美元

China’s democratic deficit works against the renminbi’s power

Edward Luce argues convincingly that the already very high sovereign debt burden of the US will only get worse due to the current partisan politics (Opinion, May 31). He reminds us why sterling lost its reserve currency status due to its war-related debt. It is true that the war debt caused sterling’s demise. But the other significant reason for it was the ascending power of the rapidly industrialising US economy and the dollar’s accelerating claim on global trade around the early 20th century. We are witnessing a similar scenario unfold almost 100 years later: China’s aggressive claim on global trade and the resultant threat to the dollar’s supremacy.

Three conditions are necessary for another currency to upend the dollar as the world’s reserve currency: a rival must have scale (a large share of global trade), a market economy and a democracy. History shows that Britain had all three, before the dollar usurped sterling as the dominant currency.

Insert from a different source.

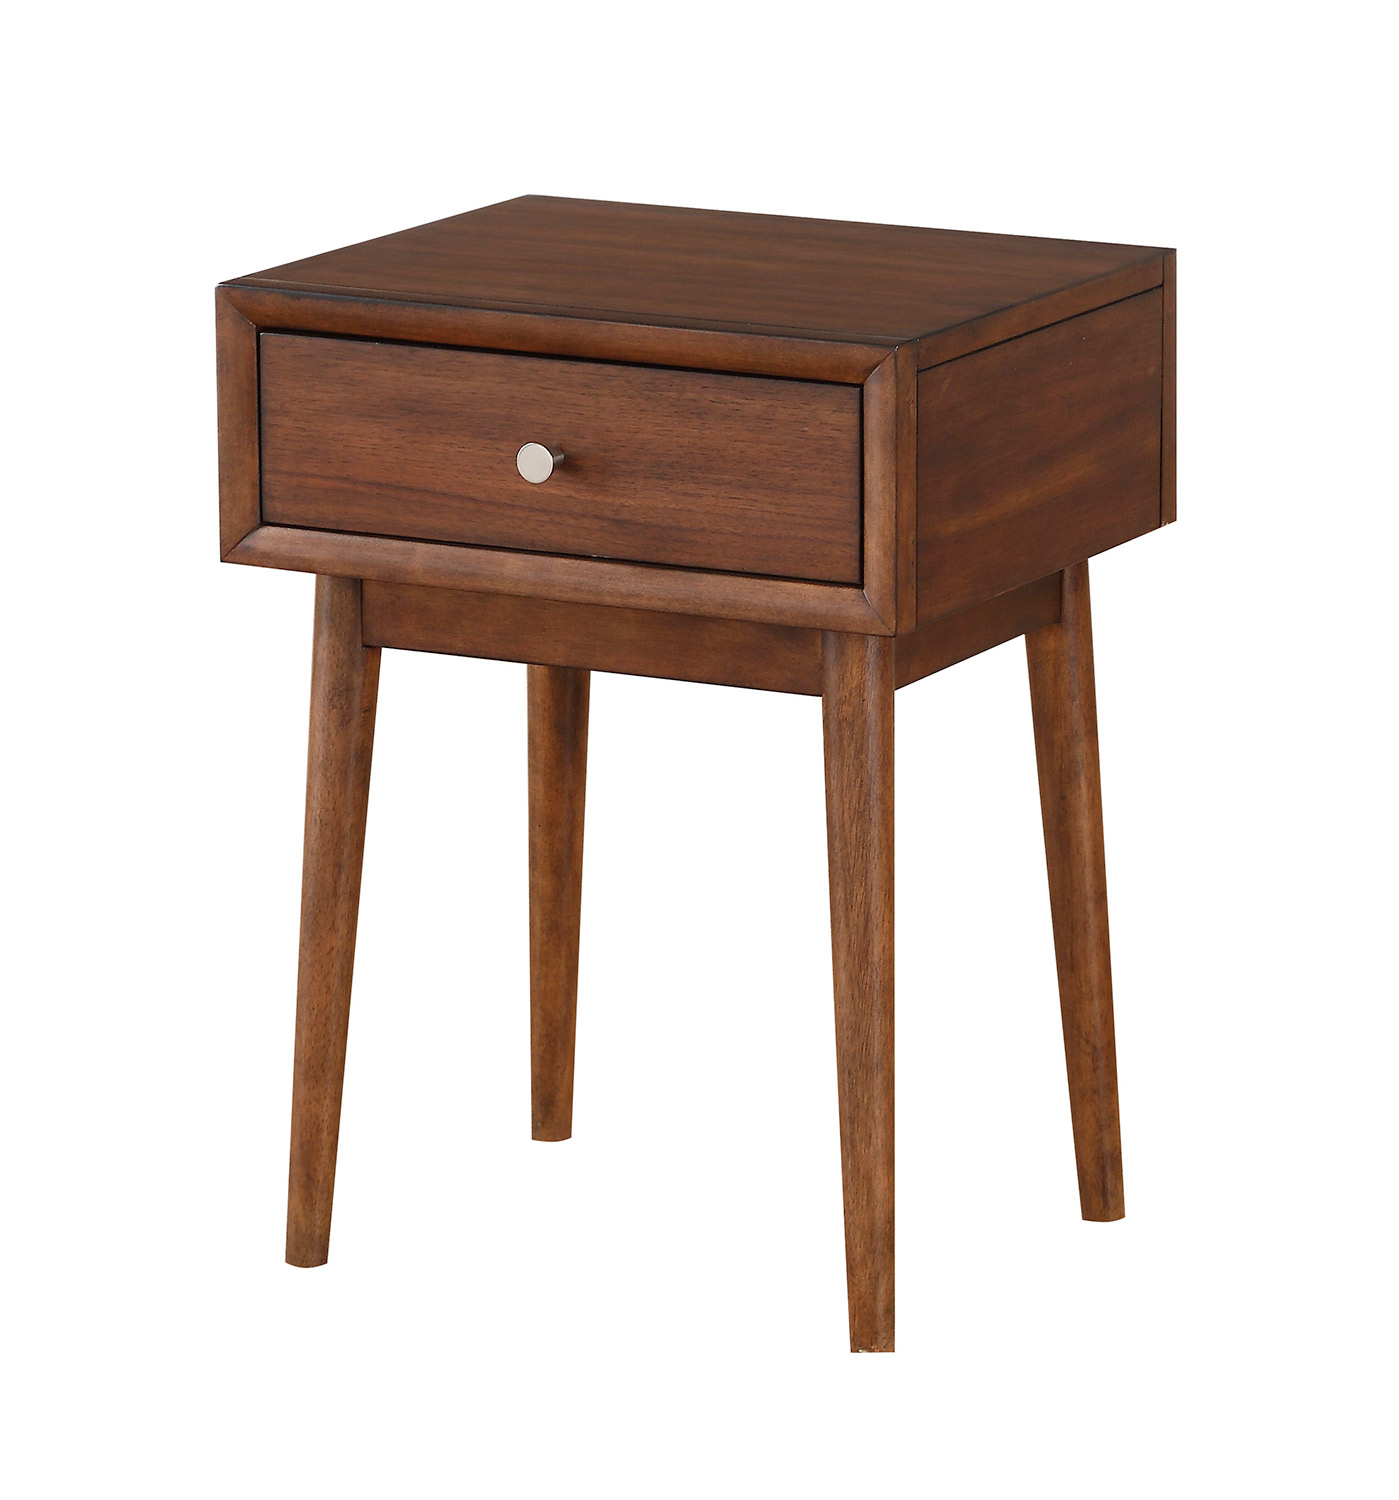 Homelegance Frolic End Table with Functional Drawer - Brown

The US still has all three of the elements, although the institutions that protect, nurture and sustain democracy are under alarming threat. China has the scale and is adopting a market economy, but it falls woefully short in meeting the principles of democracy — Beijing’s recent anointing of Xi Jinping as its quasi emperor is hardly a political path to democratise society. The EU has democracy, although its principles are challenged by Poland, Hungary and now Italy, but it does not have scale like China.